Data supplied.
□ □ □
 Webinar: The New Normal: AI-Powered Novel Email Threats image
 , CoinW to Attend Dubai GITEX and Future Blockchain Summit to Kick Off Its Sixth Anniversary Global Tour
□ □ □
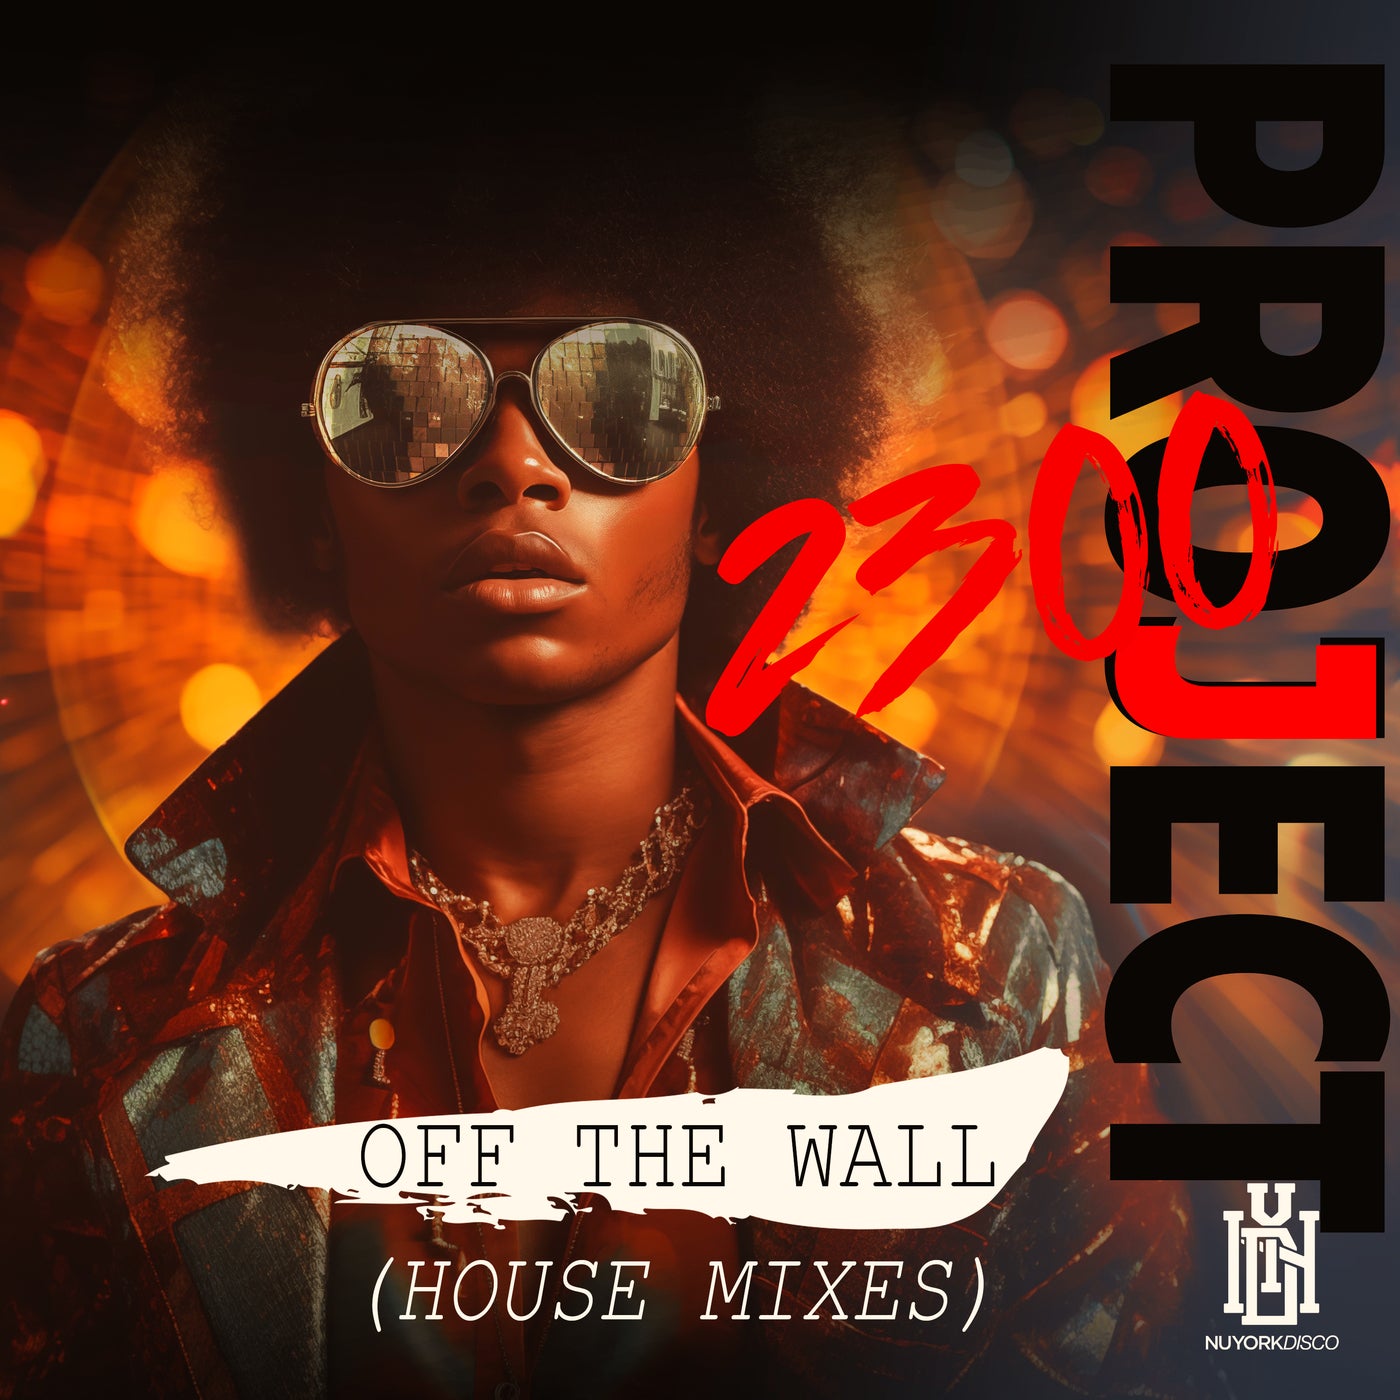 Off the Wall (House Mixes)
□ □ □
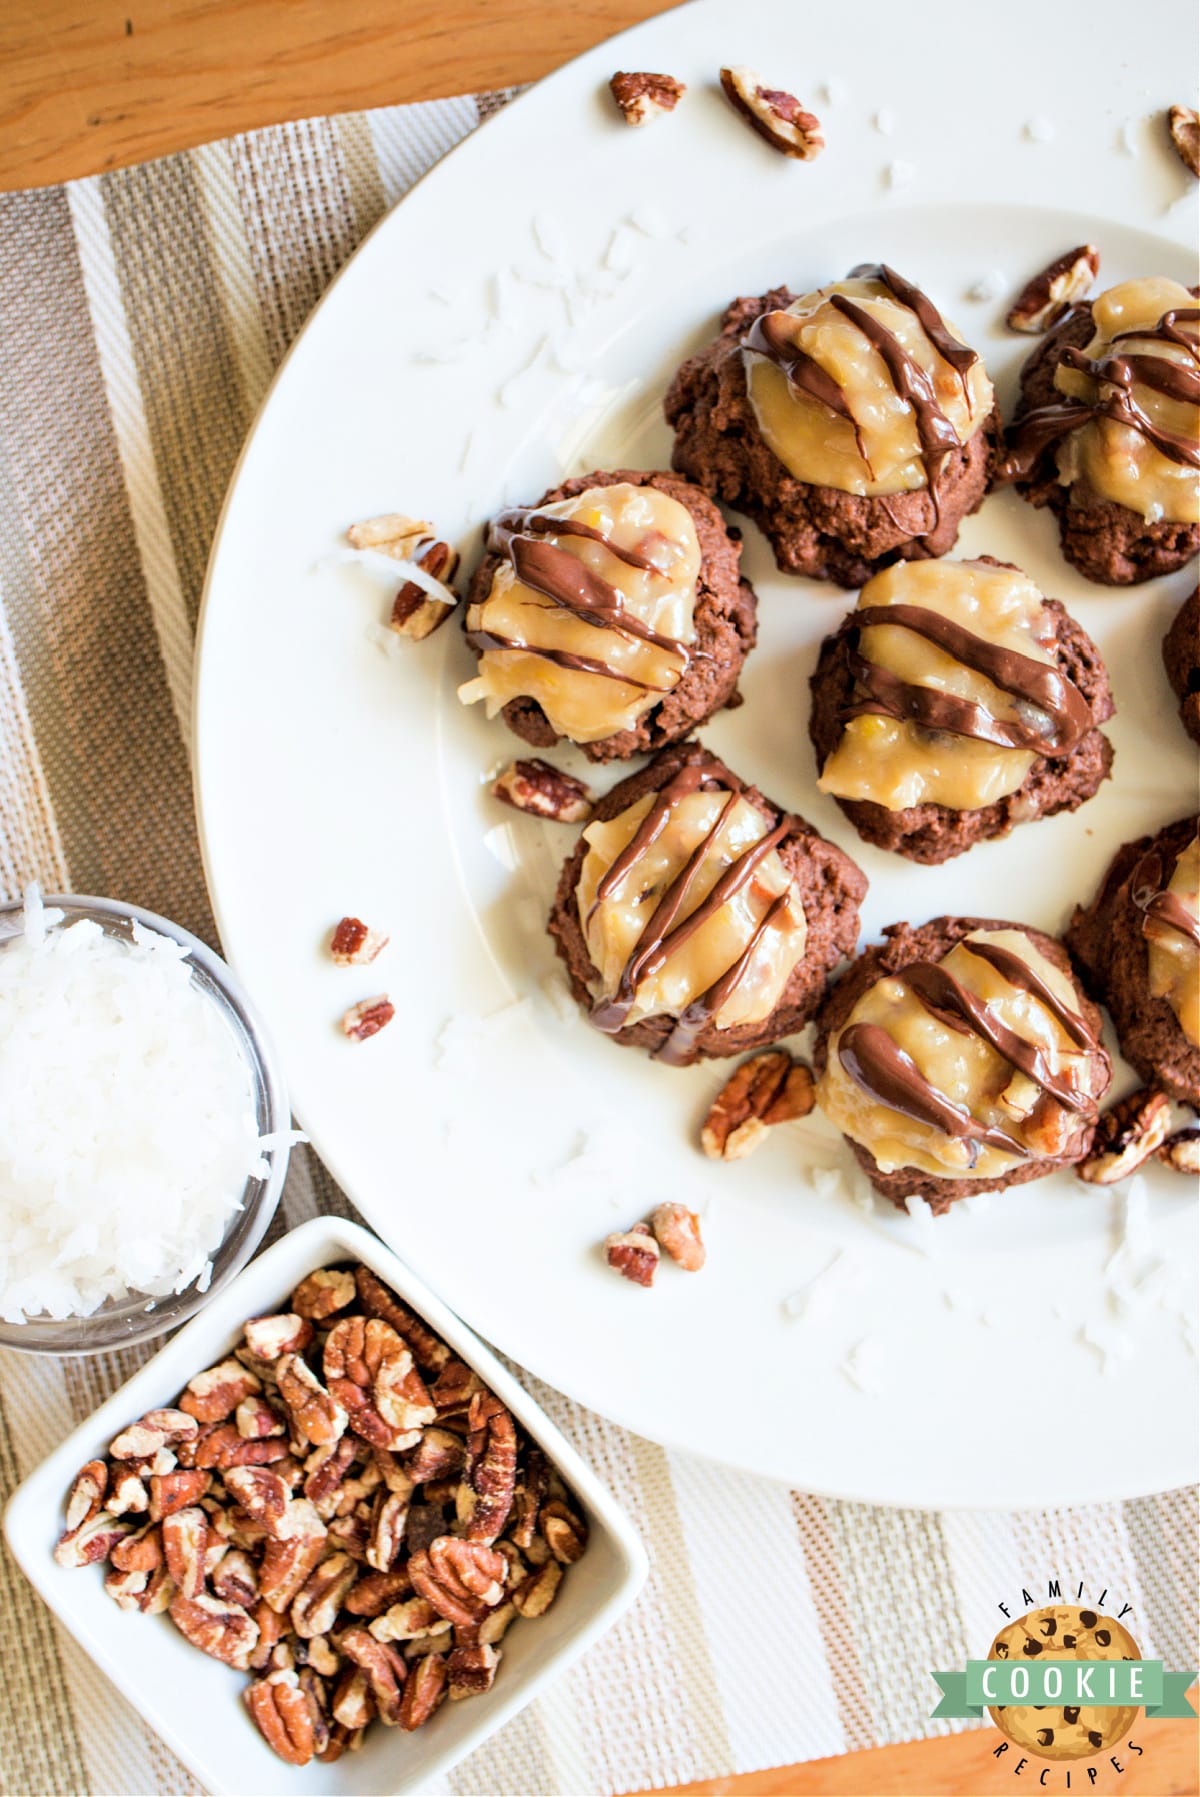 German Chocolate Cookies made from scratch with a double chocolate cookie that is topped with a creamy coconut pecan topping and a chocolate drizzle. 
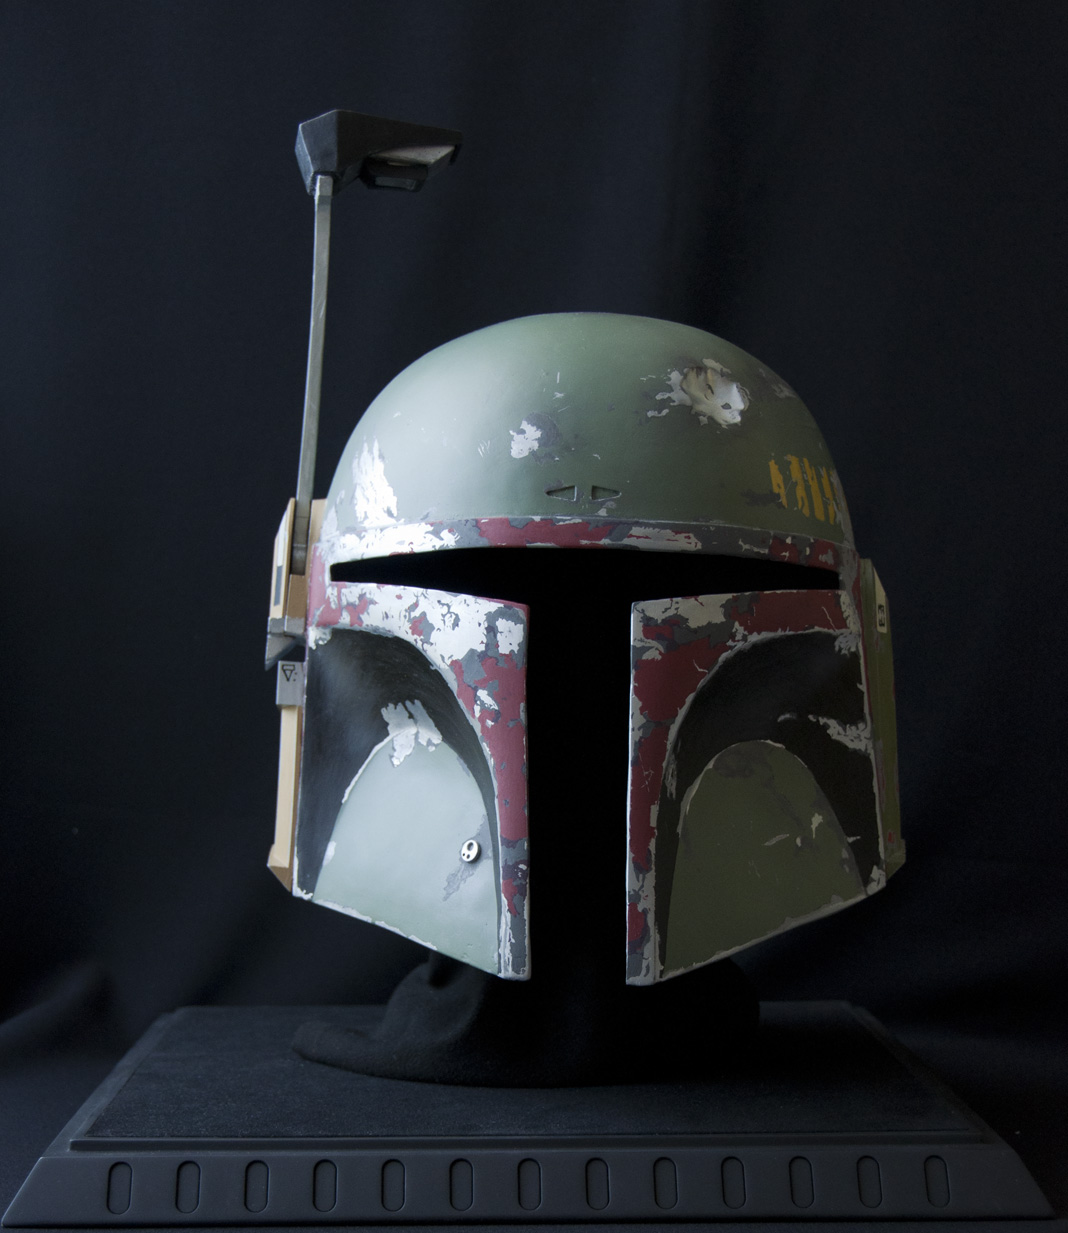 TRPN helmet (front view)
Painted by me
□ □ □
From the records above, reproduce exactly the lines from the one with "Webinar: The New" to the one with "Anniversary Global Tour", both included, and no others.

Result of this task.
 Webinar: The New Normal: AI-Powered Novel Email Threats image
 , CoinW to Attend Dubai GITEX and Future Blockchain Summit to Kick Off Its Sixth Anniversary Global Tour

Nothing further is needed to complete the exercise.